Applying the General Secretary’s rationale (as applied to TORU) is this three Tikanga Structure working I ask? And the answer is no!! Instead it soaks up considerable resources, money, people’s time, energy and focus. I actually would suggest it is counter productive. I think it stops Tikanga Maori and Pakeha building relationships and working together. Tikanga Pacifica is always there and keeps muddying the waters. That is not their fault. They are equal partners and deserve to be there. But it gets in the way all the time. This three Tikanga edifice is sucking the life out of our Archbishops. It is consuming time and energy trying to keep it afloat.

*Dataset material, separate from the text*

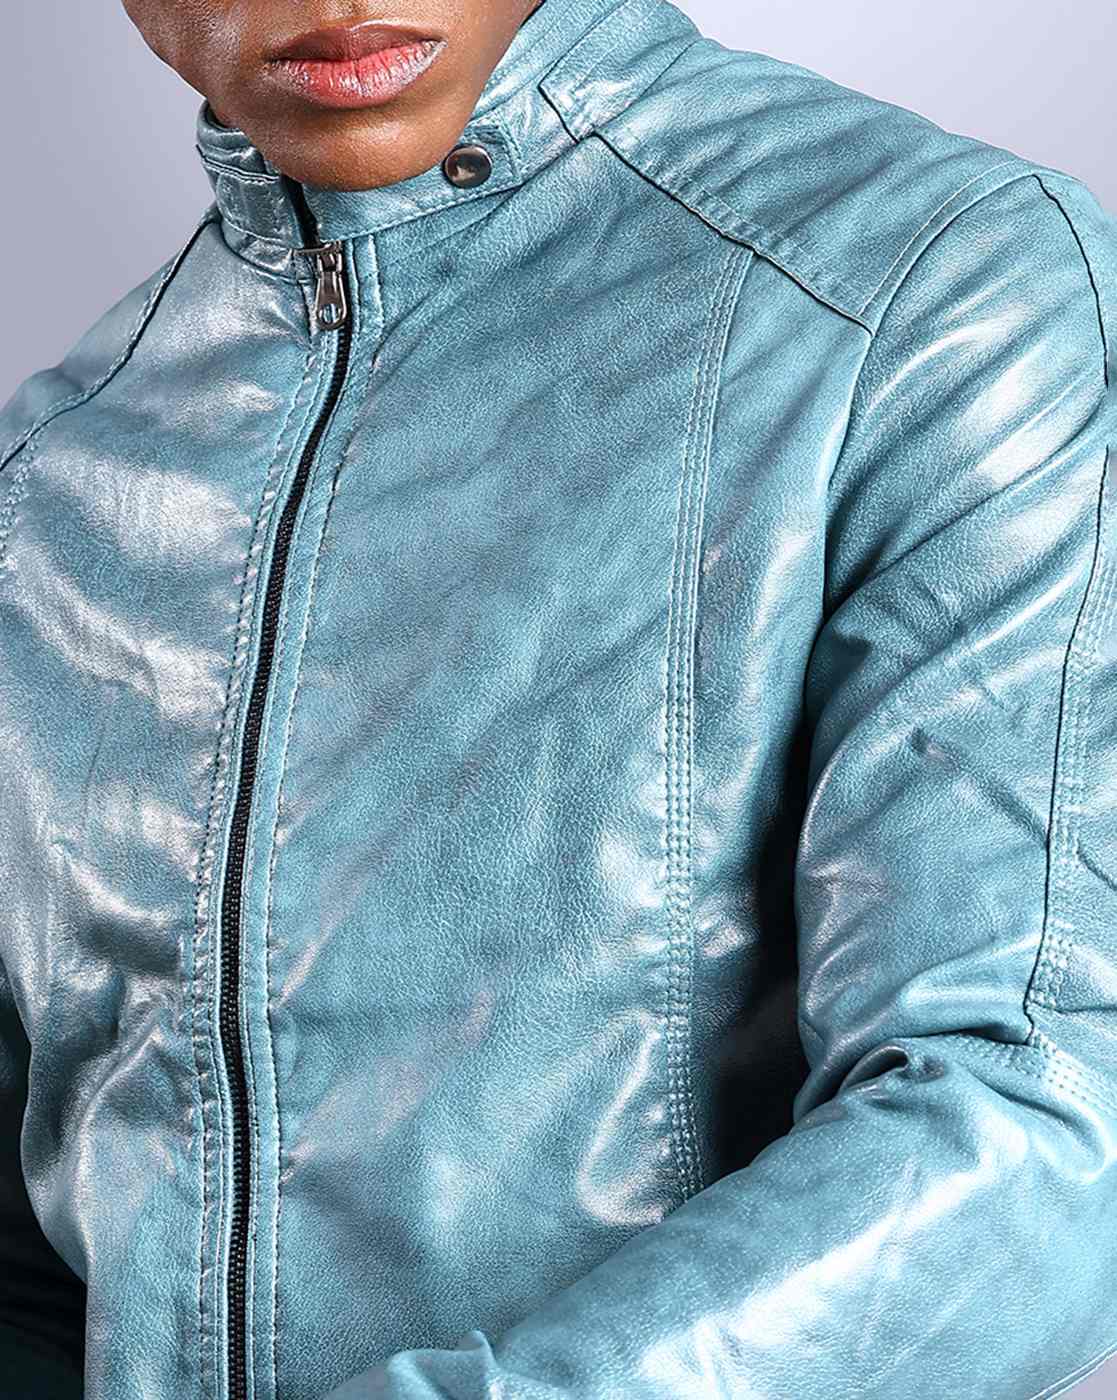 Navy Blue Baseball Leather Jacket | HipHopCloset.com

And yet we are as distant and uncaring of each other on the ground as we were 17 years ago when it came into being. It is not working!!!

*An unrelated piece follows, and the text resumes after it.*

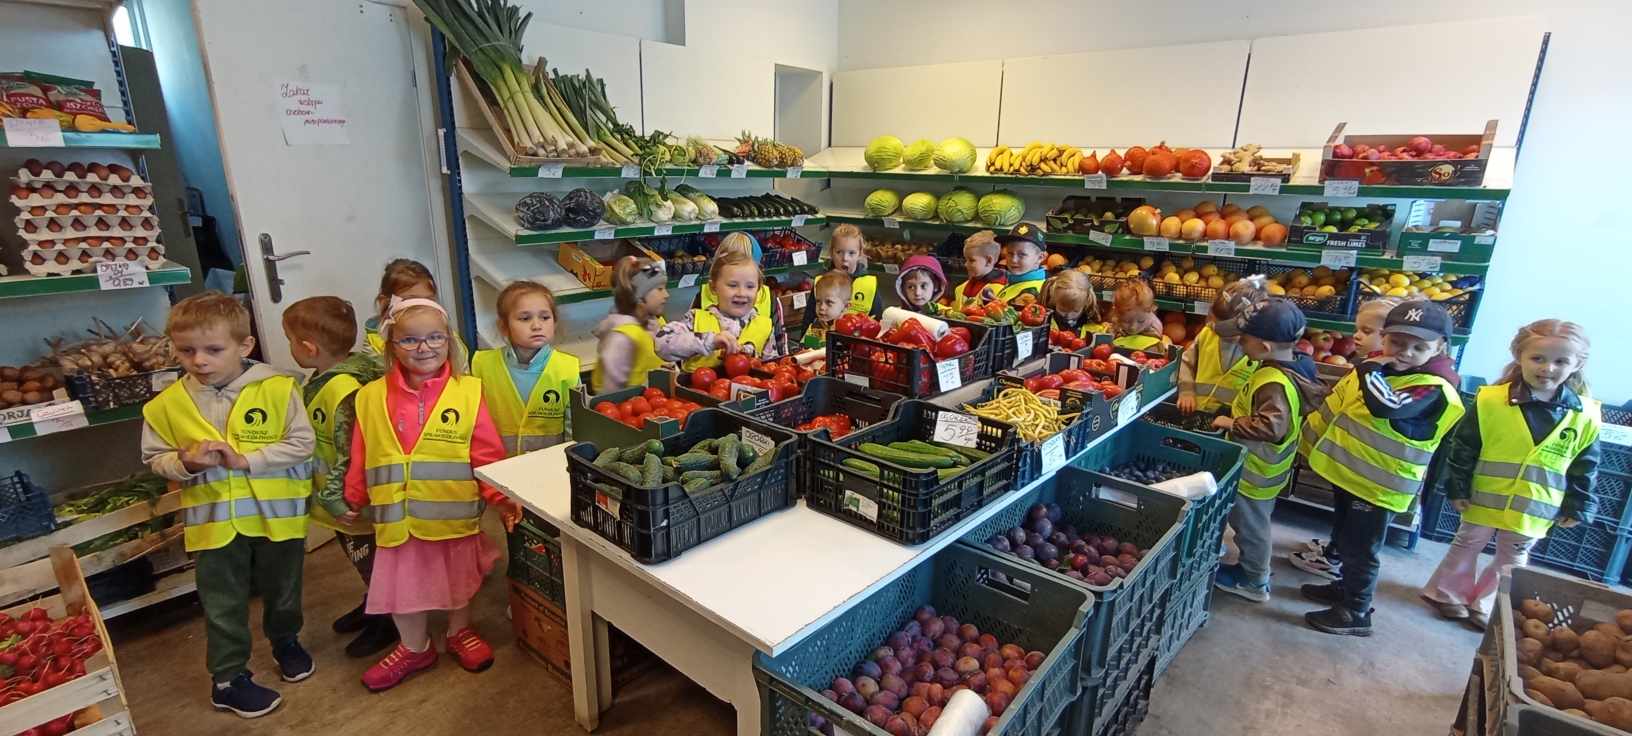 Grupa dzieci stoi w sklepie między regałem a stoiskiem z warzywami. Do koła leży dużo warzyw i owoców w skrzynkach.

After 20 years, (since the PYC in Fiji first dreamed this whole thing up) I think it is time to call a halt to this expensive experiment. We need to scrap General Synod and the General Synod Office and all those committees which meet and achieve so little and cost so much. Even the youth stuff maybe. We need to free Polynesia to be its own Province, with adequate resources, and to remove its Episcopal presence in Aotearoa-New Zealand. And Tikanga Pakeha and Maori need to be freed to have some honest conversations about how we might structure our relationship as treaty partners here in Aotearoa – New Zealand in ways that consume little time, people, resources, and allow us to truly meet and work together where we might want to do that. It is time to call a spade a spade and bury this experiment. It was worth a go, but it is not working, and it is time for something new!!

Comments

Anonymous said…
You go girlfriend!
Anonymous said…
Tautoko Brother! some valid korero there bro.
K.M said…
This comment has been removed by the author.
K.M said…
Yes you should have written it. And I'm glad you did. Your right. The church spends way too much on bringing people together to meetings, and I'm not just talking about the money either. General Synod, that lasted almost a week, was mainly spent disscussing the way we should discuss things. Somewhat pointless? Perhaps. What came out of it? If it weren't for the reports Lloyd posted on the Taonga site, I would have trouble remembering. Go to any other church commission meeting and you will find much of the same thing.

The church really needs to look at what it's prioritising. Whether scrapping the whole lot and starting again is the best answer I'm not too sure, but something has to happen, and I think now people are starting to realise it.